--- ACTION ITEM ---
Please restate exactly the lines from the one holding "NUOVO Sneakers Skechers" to the end of the material, including both ends and excluding every picture.

--- PROVIDED MATERIAL ---
+ + +

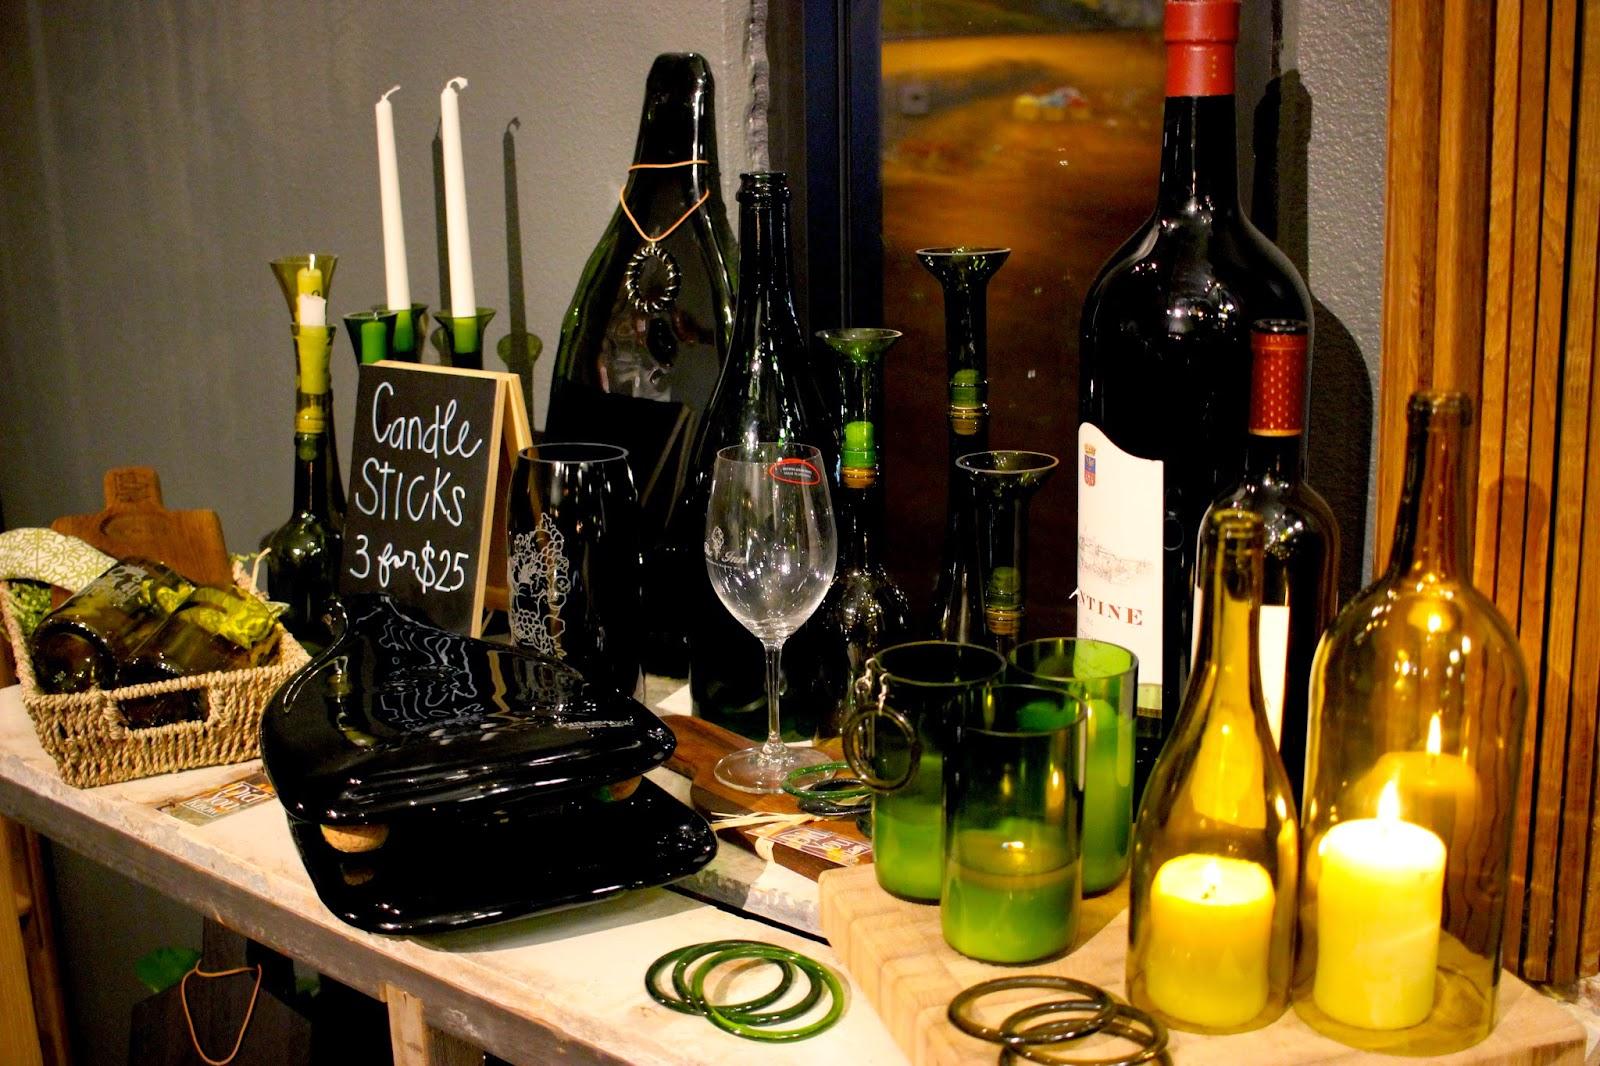 Bottles & Wood
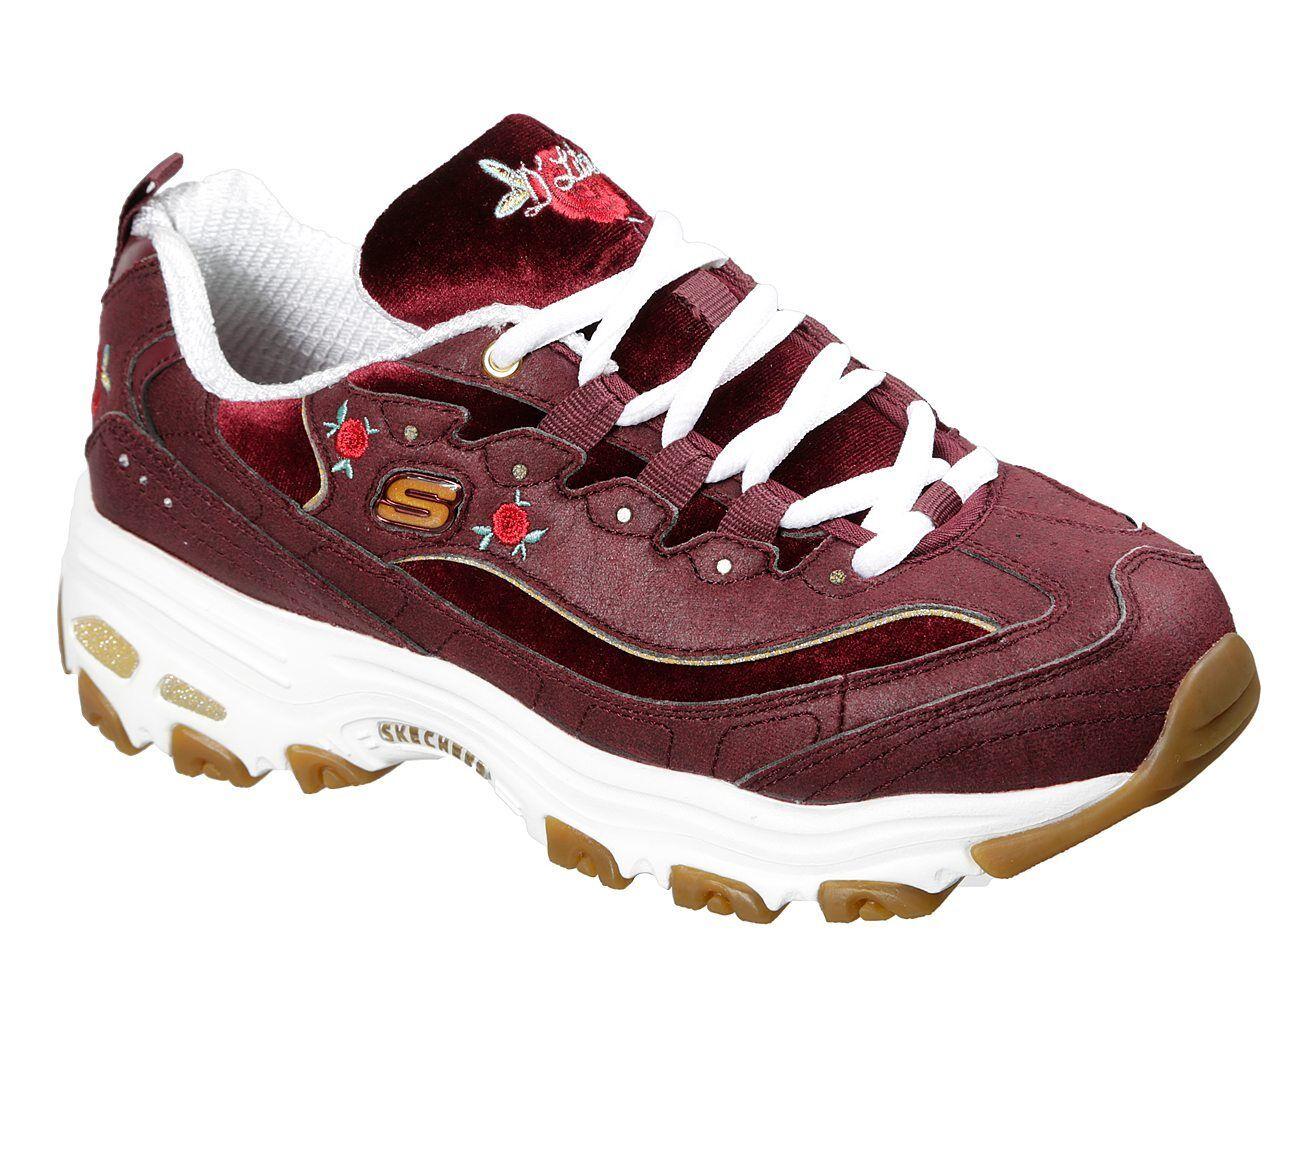 NUOVO Sneakers Skechers da donna Sneakers NUOVO D 'Lites-ROSE BLOOMS ROSSO 8eb249
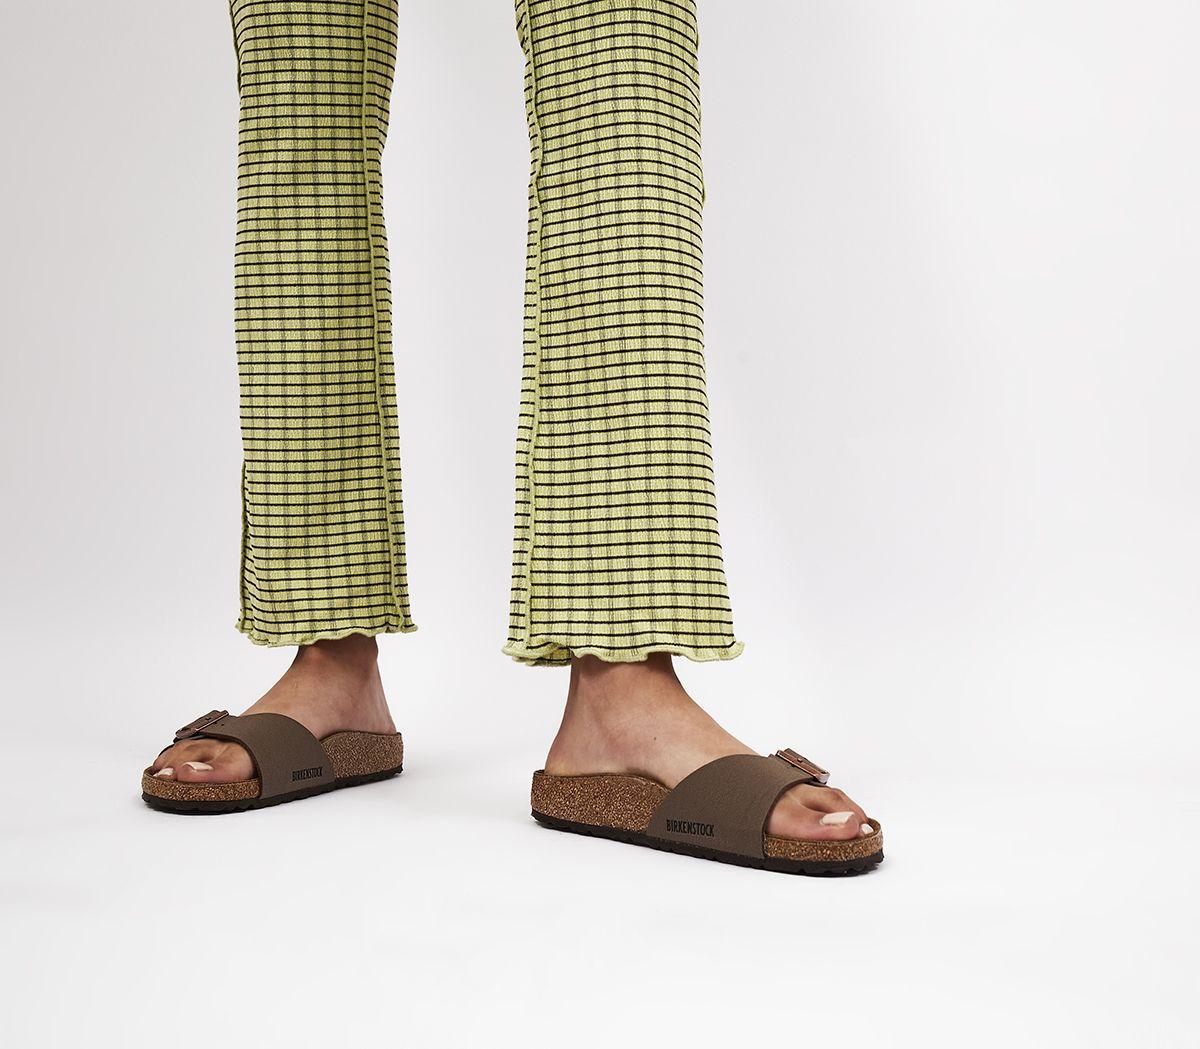 f13ad050461 Birkenstock Madrid 1 Bar Mules Mocha - Sandals
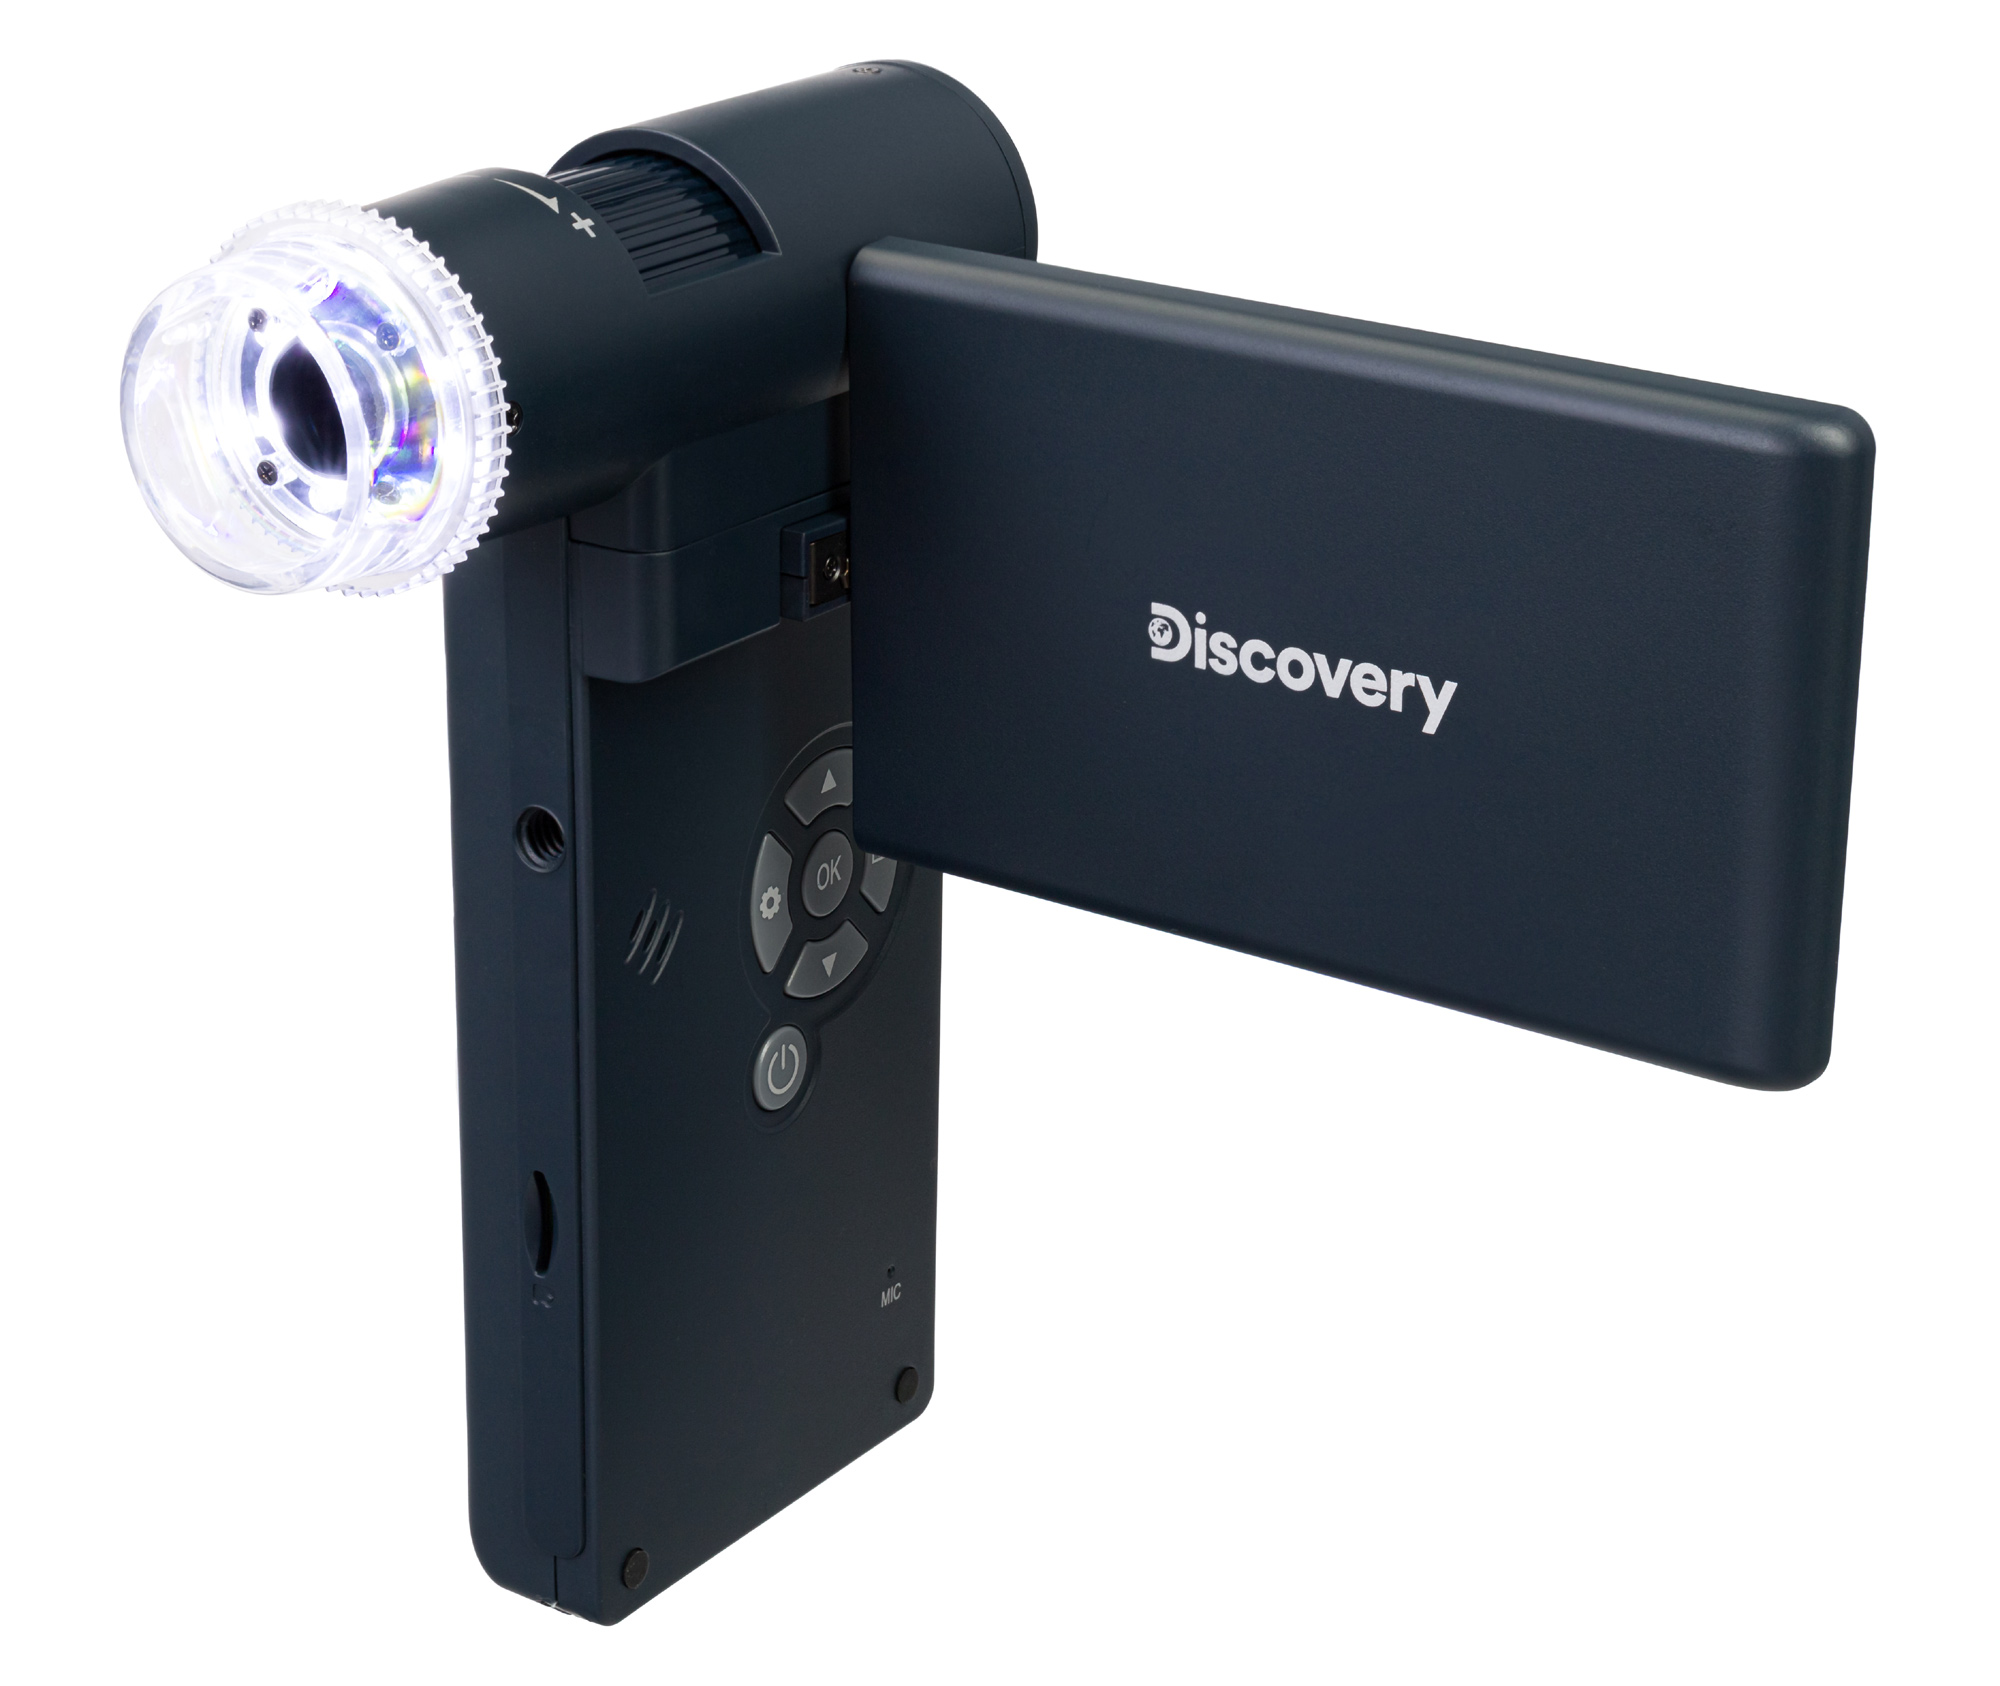 Картинка для Микроскоп цифровой Discovery Artisan 1024

+ + +

--- OUTPUT FOR THIS TASK ---
 NUOVO Sneakers Skechers da donna Sneakers NUOVO D 'Lites-ROSE BLOOMS ROSSO 8eb249
 f13ad050461 Birkenstock Madrid 1 Bar Mules Mocha - Sandals
 Картинка для Микроскоп цифровой Discovery Artisan 1024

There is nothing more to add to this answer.